DOSKONAŁOŚĆ CZŁOWIEKA

    Jeśli chodzi o człowieka w tych czasach, to w pierwszym rzędzie musimy stwierdzić, że zgodnie z Biblią po zakończeniu dzieła Zmartwychwstania zniknie wśród ludzi różnica płci (Łuk. 20:34-36). Wszyscy staną się mężczyznami w tym znaczeniu, w jakim mężczyzną był Adam zanim została od niego oddzielona Ewa. Organ miłości do płci odmiennej przestanie być składową częścią mózgu. Bóg - niezawodnie świadomie - umieścił ten narząd u podstawy mózgu, tak aby mógł on zaniknąć lub być usuniętym z ludzkiego mózgu bez jakiejkolwiek szkody dla człowieka. Różnice płciowe nie będą oczywiście potrzebne, gdyż ludzkość zostanie wyniesiona do doskonałości, ziemia zapełniona będzie bezgrzesznymi, doskonałymi istotami, jak również zniknie konieczność dalszego krzewienia gatunku. Wszystkie najlepsze cechy posiadane obecnie przez mężczyzn i przez kobiety zostaną doprowadzone do doskonałości i w absolutnej harmonii połączone w każdym indywidualnym osobniku. Identyczna rzecz miała miejsce z Adamem, zanim Bóg odłączył od niego Ewę.
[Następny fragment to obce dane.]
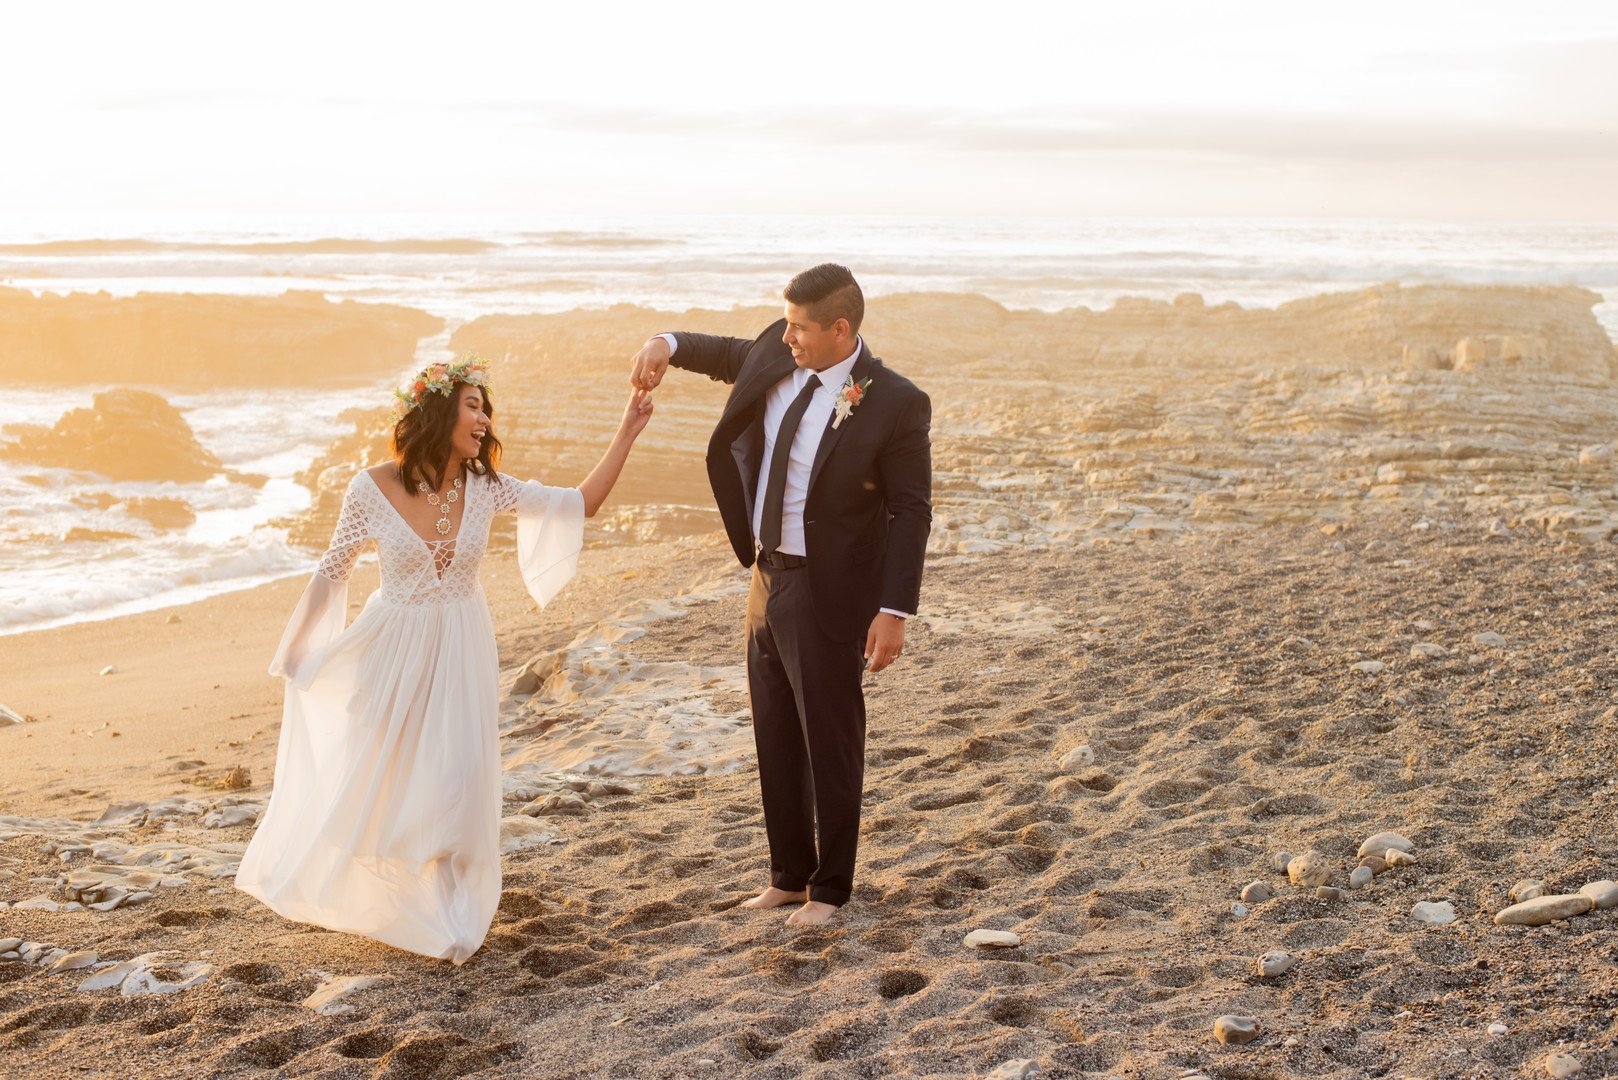 www.santabarbarawedding.com | Staci and Michael Photography | Montana de Oro State Park | EverAfter Wood Floral | Express | Makeup by Madisen Wickliffe | Bride and groom on beach

    Organizacja społeczna w Wiekach, które przyjdą nie została nam objawiona. Biblia uczy, że wszyscy ludzie na ziemi będą Królami (Obj. 21:24), podobnie jak Królem był na początku Adam. Wynika z tej sytuacji równość wszystkich ludzi, co w połączeniu z koniecznością istnienia odpowiedniej organizacji wydaje się wskazywać, iż rząd będzie miał prawdopodobnie charakter socjalistyczne demokratyczny. Pewni ludzie więc będą wybierani przez innych na stanowiska rządowe, potrzebne celem podtrzymania i postępu stosunków międzyludzkich. Więcej o charakterze organizacji społecznej tych czasów powiedzieć nie możemy oprócz tego jedynie, że będzie ona bezgrzeszną z tytułu oparcia jej na Mądrości, Sprawiedliwości, Miłości i Mocy. Święty Piotr określił to mówiąc, iż w nowej ziemi sprawiedliwość zamieszka (2 Piotr 3:13).
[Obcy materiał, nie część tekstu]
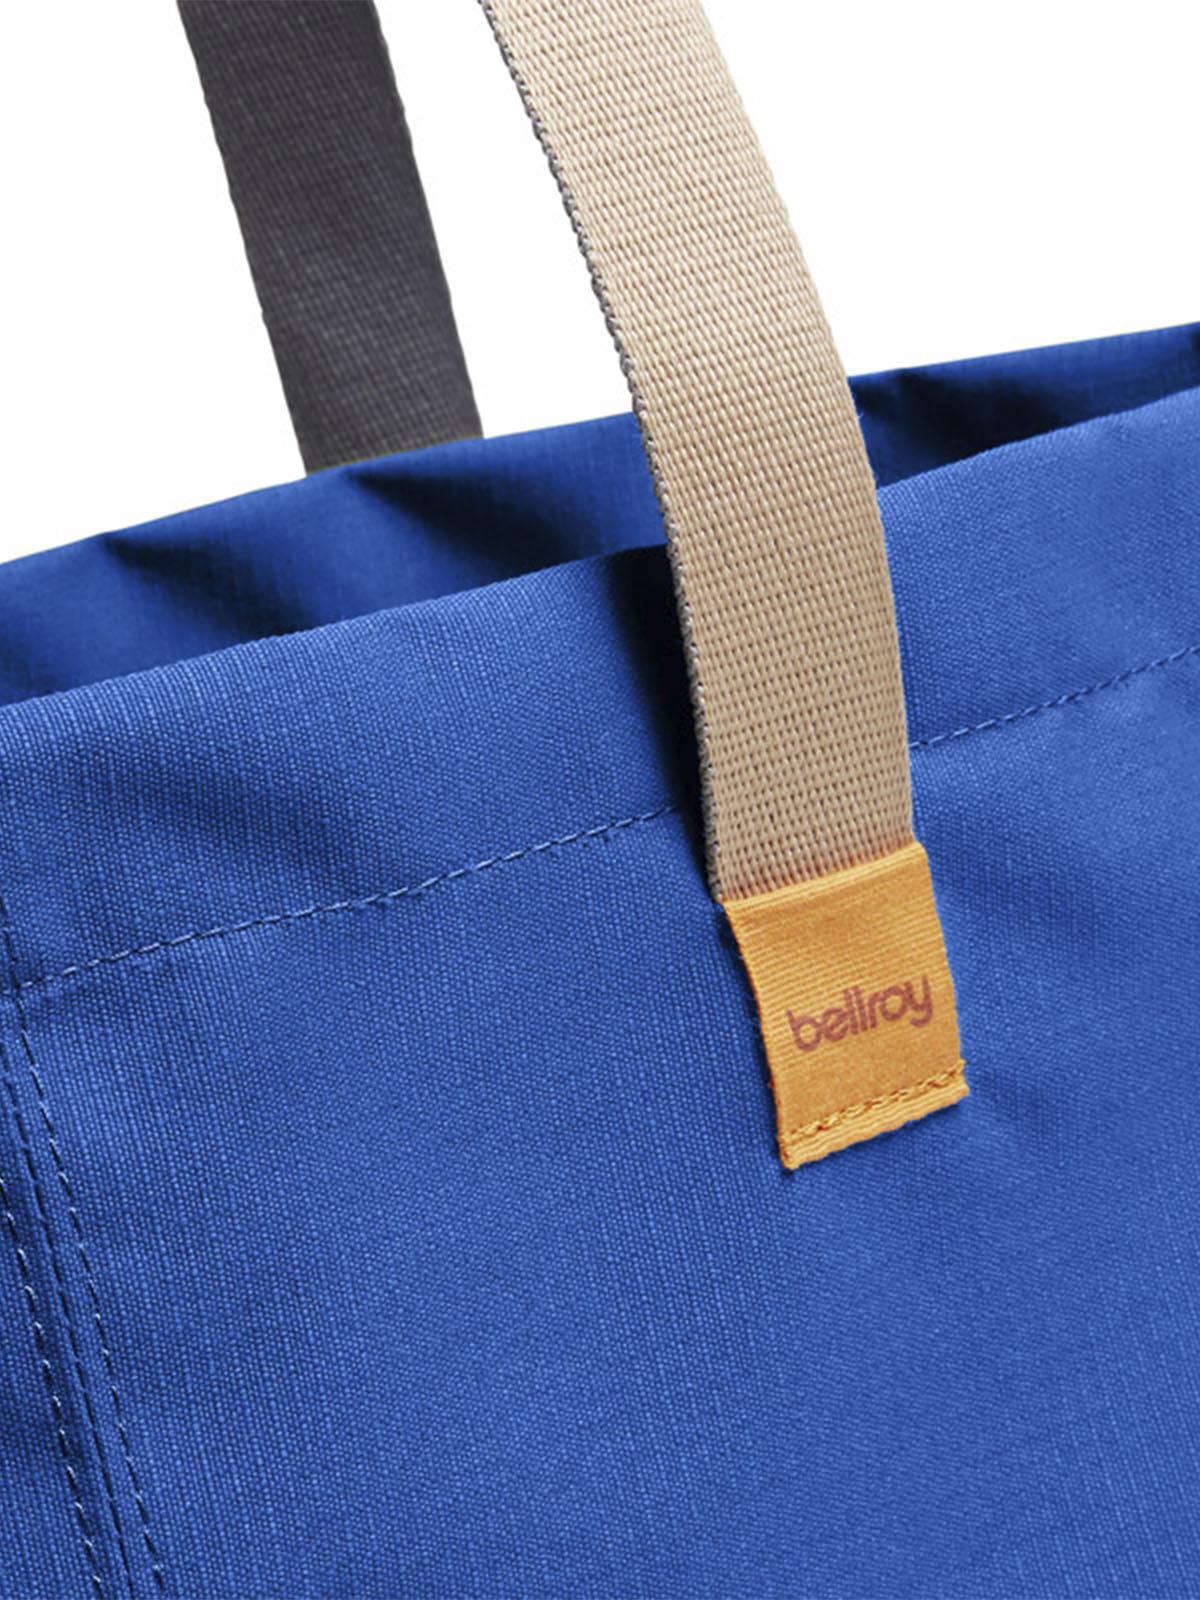 Bellroy Market Tote Pigment Blue (Leather-free)

    Również sama ludzkość będzie doskonała tak pod względem uzdolnień jak i charakteru. Ludzie będą przeto doskonali fizycznie. Ich ciała nie będą więcej szarpane i niszczone przez tysiące chorób, żerujących dzisiaj na naszej fizycznej powłoce. Doskonały eliksir życia będzie tętnił w żyłach ludzkości. Bujna i niewyczerpana żywotność wypełni jej nerwy i krew. Wigor, siła i krzepa będą udziałem każdego. Wszyscy cieszyć się będą żelaznym zdrowiem, radością życia i poczuciem siły, równym Samsonowi. Powszechną będzie piękność i symetria kształtów, właściwa każdej istocie ludzkiej. Znikną wszelkie czynniki w człowieku, w glebie, powietrzu, klimacie, pożywieniu itd., które przyczyniają się do niedoskonałości w obecnych warunkach, gdyż wiedza człowieka pozwoli mu na wykorzystanie każdego środka dla utrzymania swej doskonałości pod względem fizycznym oraz każdym innym.
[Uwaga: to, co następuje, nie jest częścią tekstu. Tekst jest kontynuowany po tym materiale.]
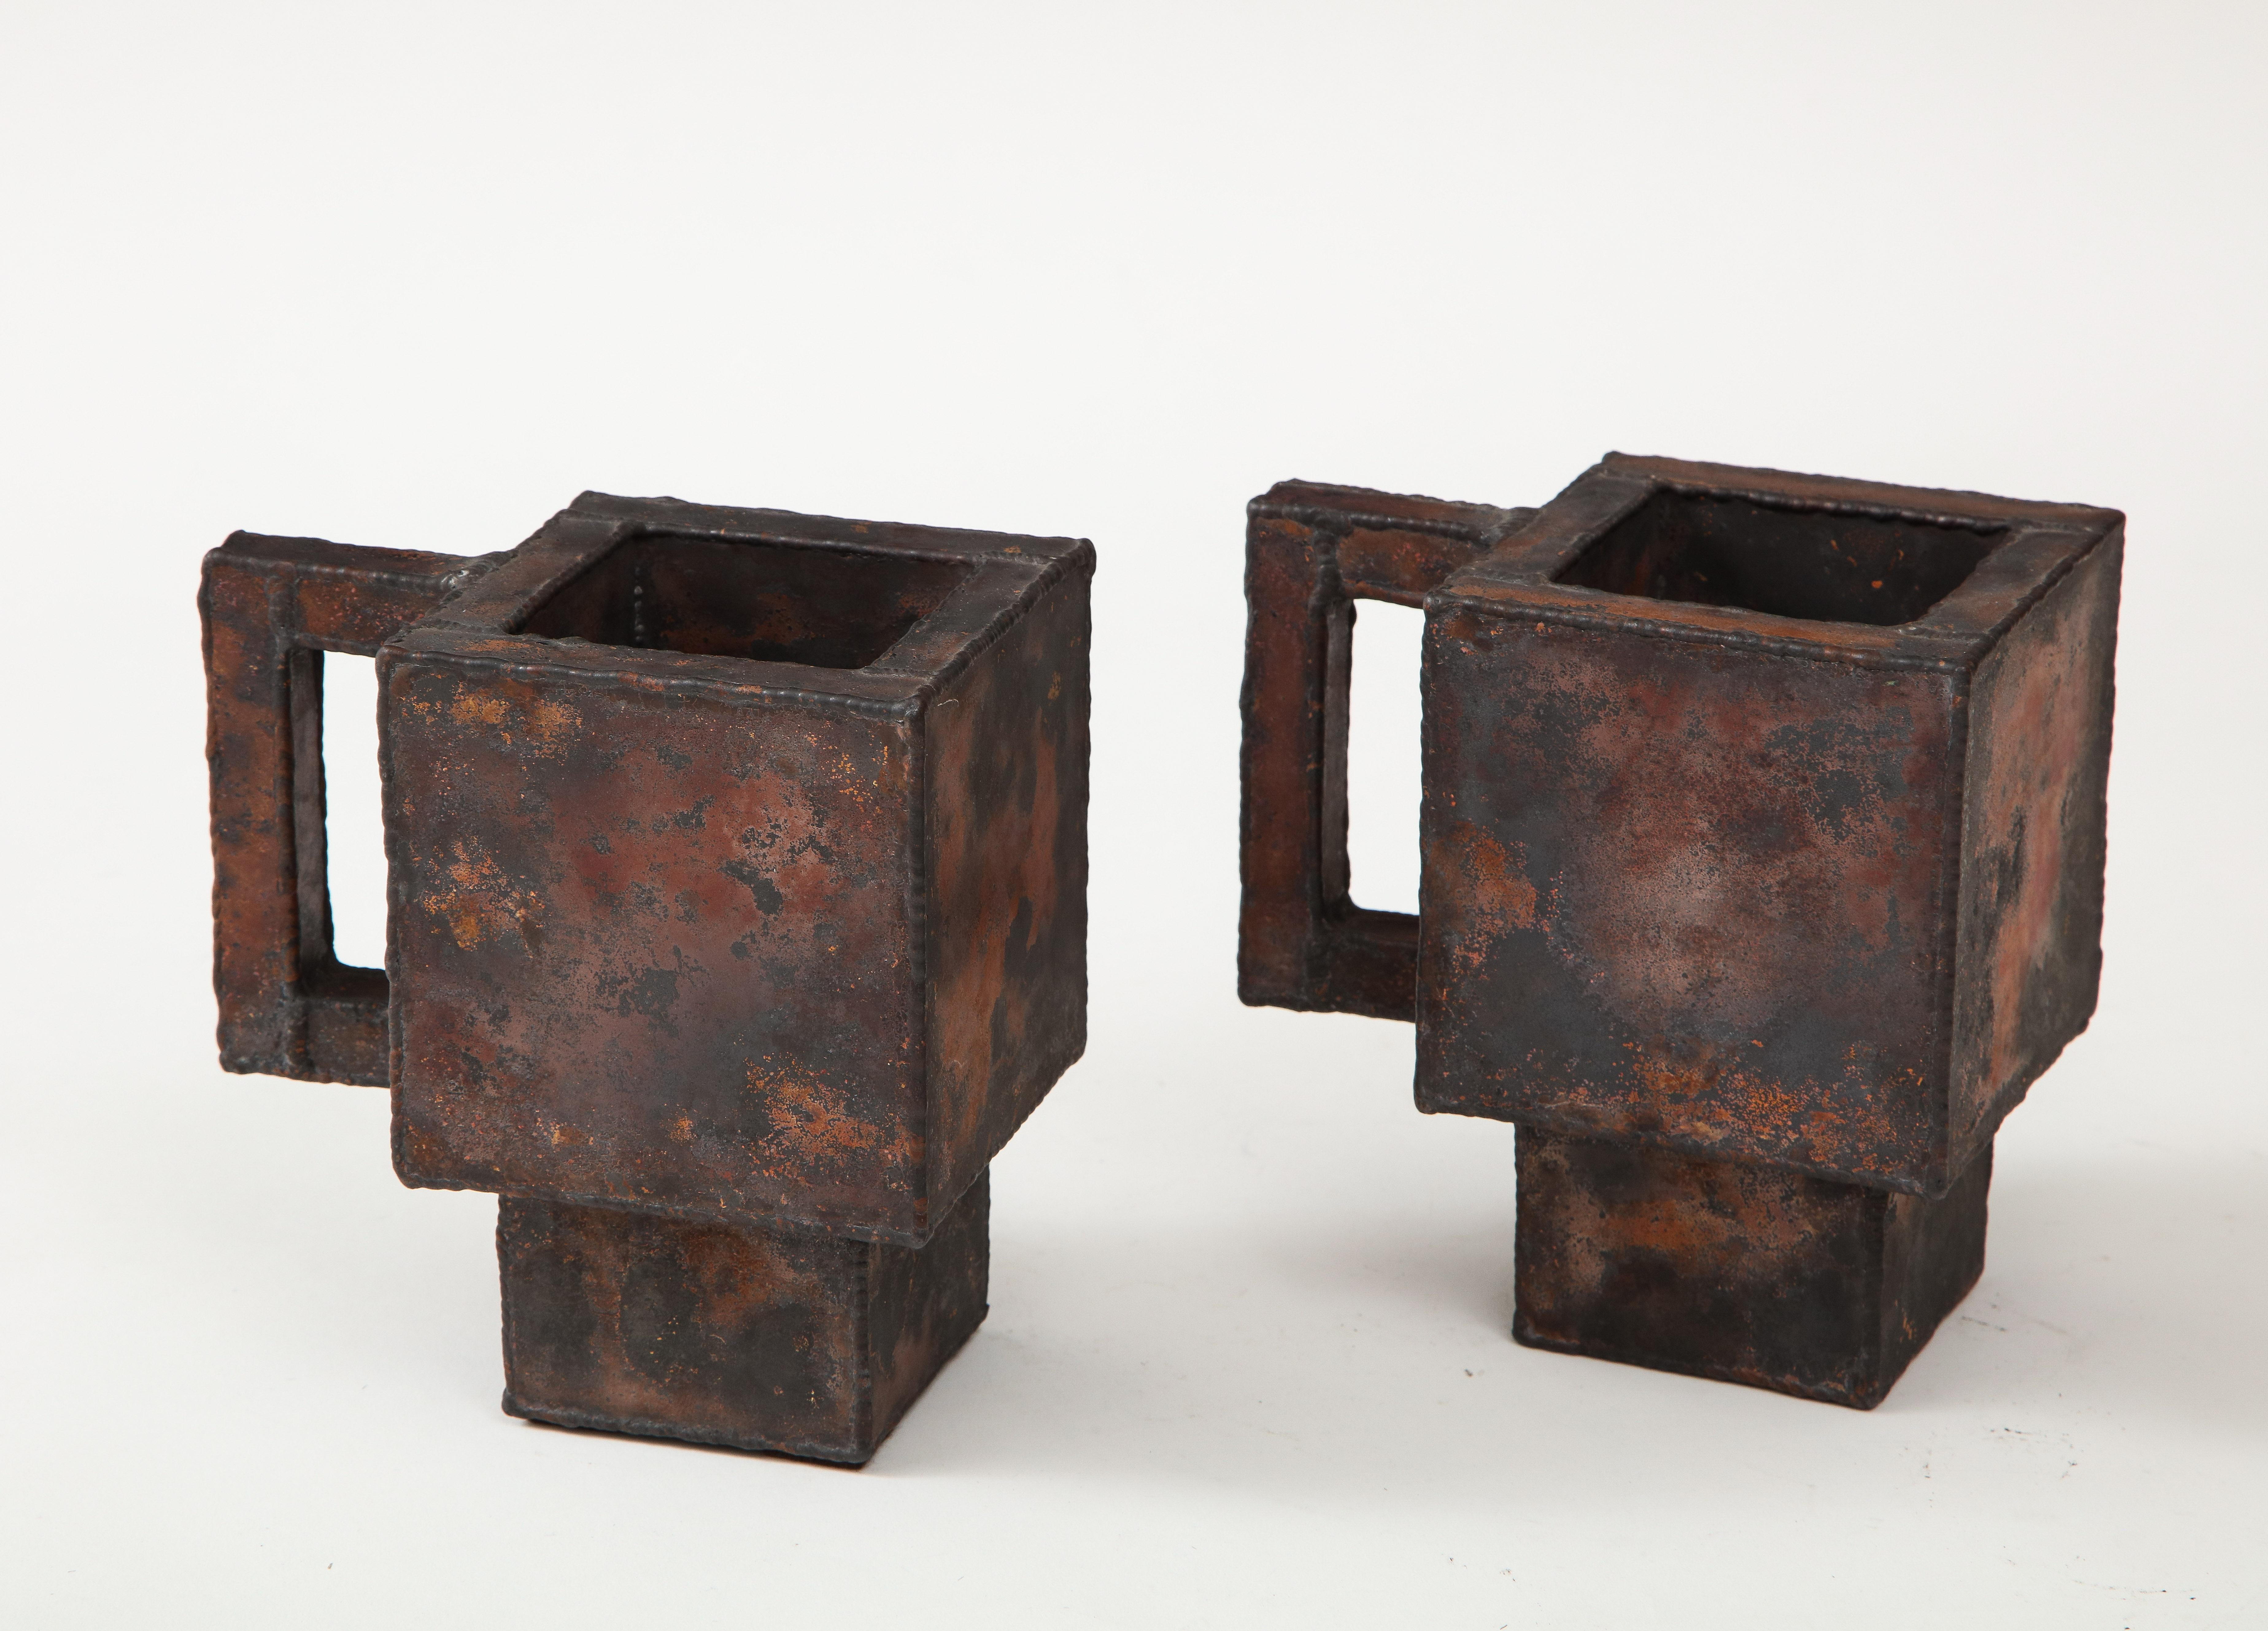 Contemporary Pair of Red & Green Enameled Copper Mugs by Kwangho Lee, c. 2012 For Sale

    W czasie tym człowiek osiągnie doskonałość umysłową. Będzie się on cieszył zarówno wieczyście niezawodną pamięcią, wszechogarniającą zdolnością poznania i możnością precyzyjnego, logicznego oraz bezbłędnego rozumowania, jak też żywą choć opanowaną wyobraźnią. Poczucie humoru, piękna i doskonałości stanie się właściwością ludzkiego umysłu i ludzkich dzieł. Każdy będzie świetnym krasomówcą i oratorem. Uzdolnienia wynalazcze człowieka przewyższą odpowiednie uzdolnienia Edisona po milion kroć razy. Platon i Arystoteles wydadzą się dziećmi wobec głębi ludzkiego umysłu. Poetyckie uzdolnienia człowieka spowodują w dziedzinie osiągnięć literackich, że Szekspir zda się wobec nich nowicjuszem. W prozie zaś świetny okres Macauleya spadnie do roli okresu pisarstwa amatorskiego. Bach i Beethoven w porównaniu z osiągnięciami doskonałego człowieka okażą się początkującymi muzykami. Malarze i rzeźbiarze tacy jak Fidiasz, Praksyteles, Michał Anioł i Rafael wydadzą się uczniami w zestawieniu z rzeźbiarzami i malarzami w Wiekach przyszłych, w których wszyscy w omawianych sztukach osiągną doskonałość. Zapanuje wówczas jeden tylko język, wiemy bowiem, że istnienie wielu języków jest jednym z następstw klątwy (1 Moj. 11:1-9), która zostanie zdjęta (Obj. 22:3). Ten jeden język będzie jednak miał bogate słownictwo, giętkość i zdolność wyrażania najbardziej subtelnych odcieni myśli i uczuć. Wszystko co dotyczy człowieka w dziedzinie intelektualnej będzie wyrazem najwyższego i najczystszego smaku, wykwintu i przydatności. Nic co obejmuje ludzki rozum nie zostanie zmarnowane; intelekt człowieka tych czasów obejmie tak szerokie dziedziny nauki i wiedzy, że najwyższym wysiłkiem wyobraźni nie jesteśmy w stanie tego odtworzyć.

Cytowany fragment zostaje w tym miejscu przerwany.